Low-cost Mars Probe Hack: Jugaad To Be Kidding Me

The jugaad. Very simple, very cheap, but works. Image from Wikipedia.

Americans pride themselves on entrepreneurship, independence, ingenuity, and can-do traits.  And there’s historical and current evidence of those traits to support that pride.  The Indians, however, seem to be quickly adopting these “American” traits, but at less expense.  Or maybe the traits have always been present in India, but something was suppressing them for a long time.  That’s a discussion for another blog.  This post brings to light an aspect of Indian can-do on the cheap called jugaad.

Jugaad is defined, at least according to that Book of Knowledge, Wikipedia, as an “innovative fix or simple work-around.”  Not only that, but the fix has been accomplished at the expense of some rule-bending and using something in a way it wasn’t originally intended for.  Yep, that almost sounds like a hacker mentality.  It’s not just an engineering philosophy, however:  the “truck” in the picture above is also a jugaad.  Terrible brakes, smokey diesel engine, and slow, it still gets done the job of transporting people and their things around India.  It’s what’s helping people in India live.

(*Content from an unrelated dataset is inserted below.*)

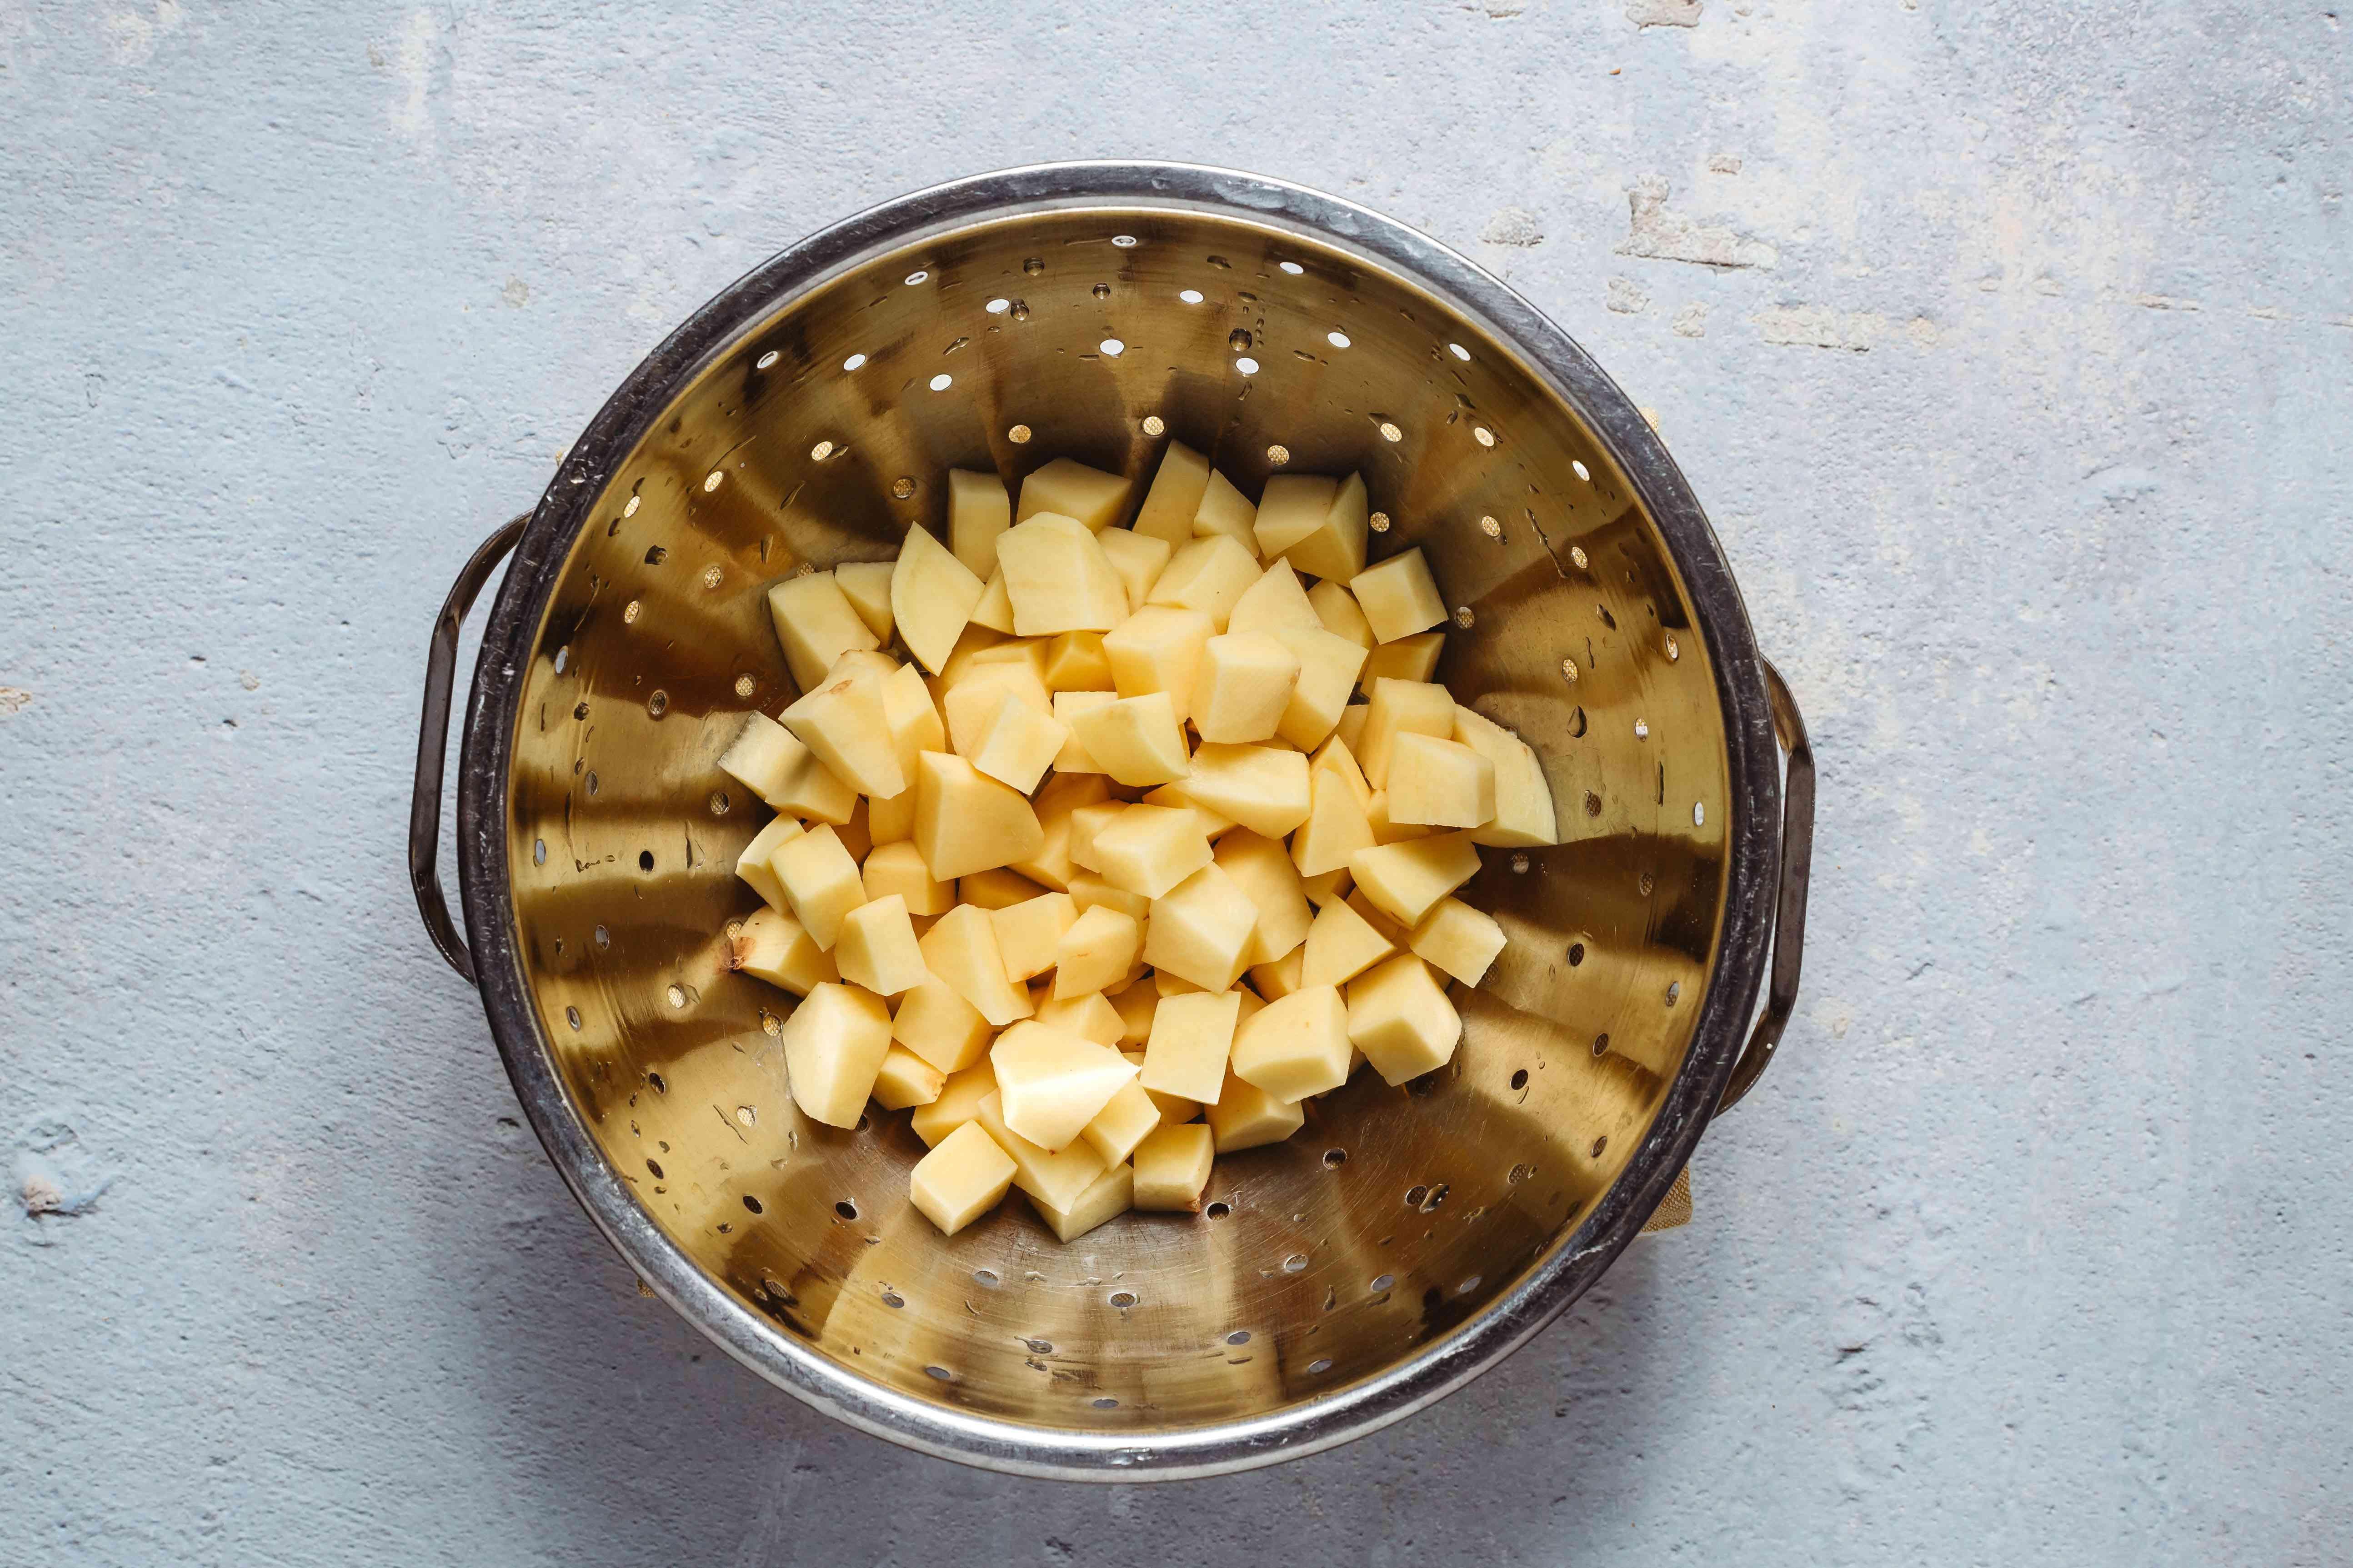 Wash and peel potatoes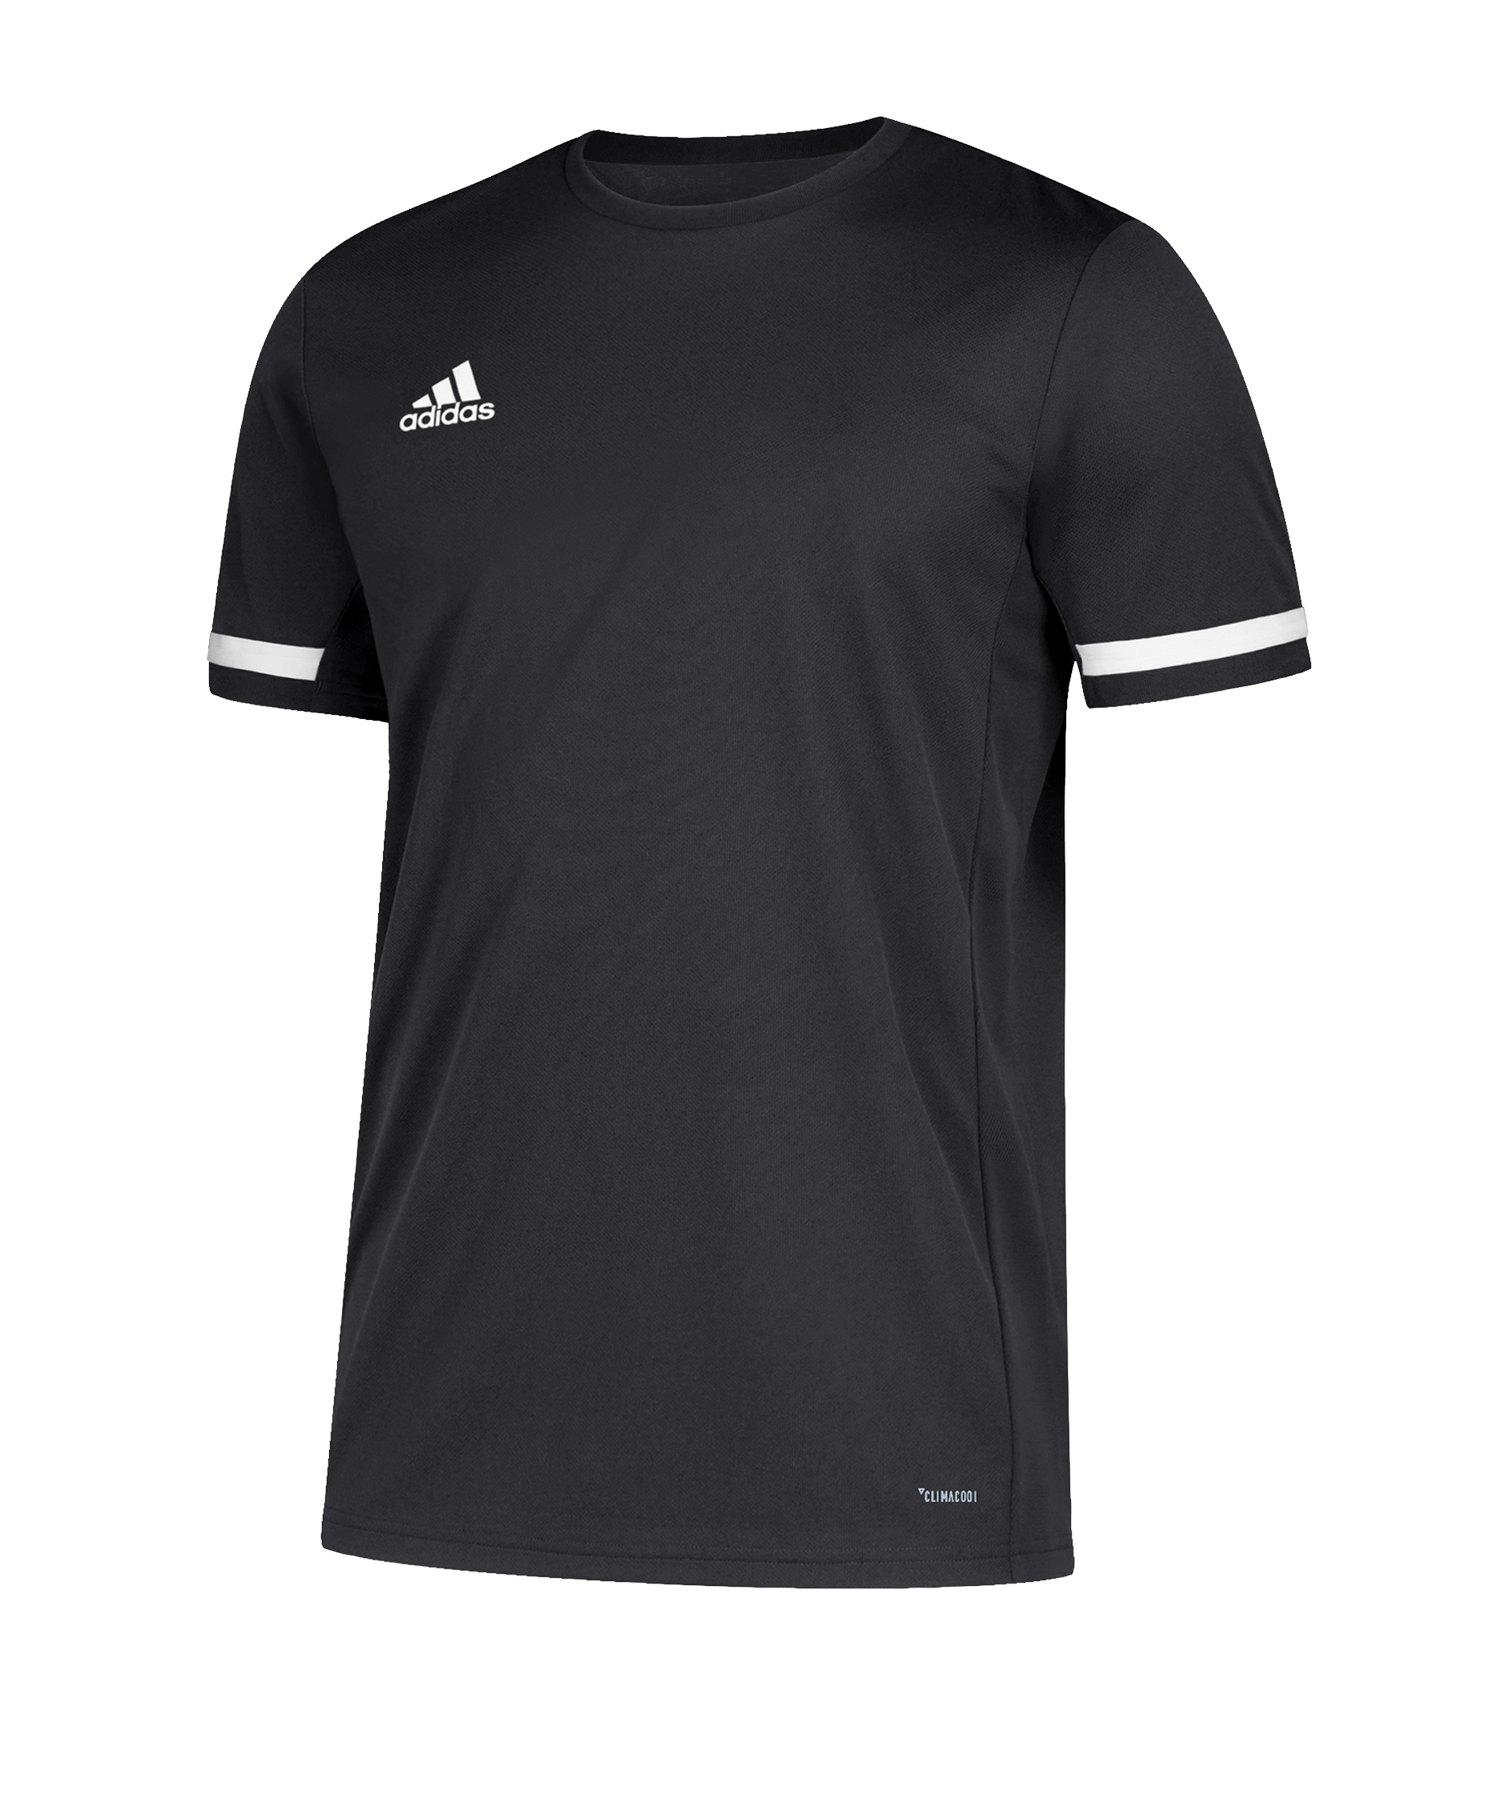 a136a8e80c adidas Team 19 Trikot kurzarm Schwarz Weiss | Teamsport | Textil ...

The jugaad philosophy has been officially adopted by engineers in at least one area:  space exploration.  Last November, the Indians successfully launched a Mars probe, the Mangalyaan.  It’s still on its way and expected to orbit Mars this September.  If this probe succeeds, it will mean India will have accomplished a feat that even China (one of the more active nations in space) has been unable to do.  But here’s the thing about India’s Mars  mission–it cost them very little to do.

Total costs for the mission are about $74-75 million.  That’s right–it cost them less to build and run the entire mission than it does for the US to launch a DoD rocket.  Now I’m sure there are some differences in cost of living and quality of life–but India’s scientists and engineers are probably very well paid.  There’s likely some favoritism going on in the contract selection process, too.

So why does it cost so much less to run a space mission in the solar system from India?  The Indians attribute some cost savings to their work ethic, noting some of their engineers put in 18-20 hour days and compare that to the typical European 35 hour work week.  Well, maybe, but that’s a very quick way to burning out people, particularly the ones needed in a space program–the “passionate ones.”

What else in this jugaad philosophy might explain the lower costs?  The Indians say they are using existing technologies to help decrease costs–but then so is ULA, and just launching one of their rockets has increased to $450 million.

It might be beneficial for US companies to make a run over to India and see what’s happening.  They might learn something.  They might be horrified that certain processes don’t exist or have been severely shortened.  But whatever it is, the US cannot afford to keep spending millions on space in Defense and Civilian programs just to get satellites in orbit (yes, yes–I know the US spends relatively little on space).  SpaceX and ULA are beating their chests right now, talking over each other about ingenuity and innovation.  One company is trying to stay on the government gravy train, and one is trying to get some of the gravy.  If companies are depending on, and running to, government for their profits, something is broken.

Maybe it’s time to adopt a hacker philosophy for space again.  We did that once, but the Indians remind us we could go jugaad again.  If we don’t, someone may eat our lunch.  Chicken tikka masala, anyone?